How to properly iterate through a command-line argument to check if each character is a digit in C?

Question

I am trying to iterate over the second command prompt that a user would enter to verify that each character in the array is indeed a digit.

After looking at ASCII, I know, that the characters 0-9 range from 48-57. I figured out that you could just use isdigit() but am still wondering why my loop does not work as intended.

#include <stdio.h>
#include <cs50.h>
#include <string.h>
#include <stdlib.h>

int main(int argc, string argv[])
{
    if (argc != 2)
    {
        printf("Usage: ./caesar key\n");
        return 1;
    }

    for(int i=0, n=strlen(argv[1]); i<n; i++)
    {
        if((int)argv[1][i] < 48 && (int)argv[1][i] > 57)
        {
            printf("Usage: ./caesar key\n");
            return 1;
        }
    }
}

Answer 1

Instead of this:

    if((int)argv[1][i] < 48 && (int)argv[1][i] > 57)

This:

    if((int)argv[1][i] < 48 || (int)argv[1][i] > 57)
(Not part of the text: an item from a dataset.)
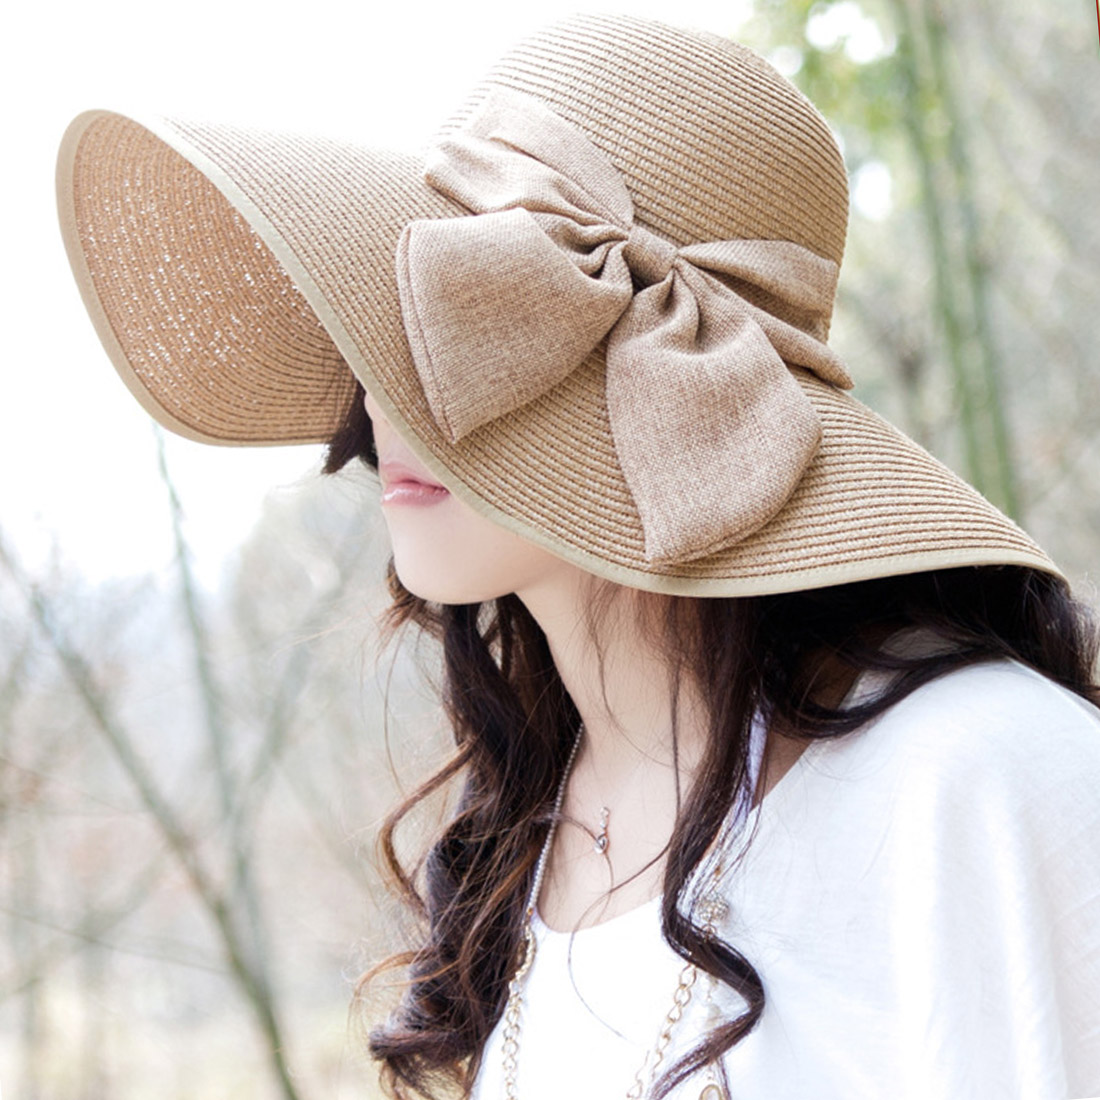 casquette enfant garcon 2019 Ladies Summer Large Brim Straw Hat Floppy Wide Brim Sun Cap Bowknot Beach Foldable New in Women 39 s Sun Hats from Apparel Accessories

On a long enough timeline on Stack Overflow, the EBCIDIC crowd will come along to remind us all that it still exists. So instead of hardcoding ordinal values for ascii chars, use the character literal itself. It also makes the code's intent way more obvious:

    if ((argv[1][i] < '0') || (argv[1][i] > '9'))

Putting it altogether with some more cleanup:

for(int i=0, n=strlen(argv[1]); i<n; i++)
{
    char c = argv[1][i];
    if ((c < '0') || (c > '9'))
    {
        printf("Useage: ./caesar key\n");
        return 1;
    }
}

Answer 2

int main(int argc, string argv[])

String data type is not defined in C. Here you should use char* argv[].
Please see this answer: Does C have a string type?

Remaining issues have been pointed out by other users.

Answer 3

    if((int)argv[1][i] < 48 && (int)argv[1][i] > 57)
    {
        printf("Useage: ./caesar key\n");
        return 1;
    }

The check should be || not &&.

    if((int)argv[1][i] < 48 || (int)argv[1][i] > 57)
    {
        printf("Useage: ./caesar key\n");
        return 1;
    }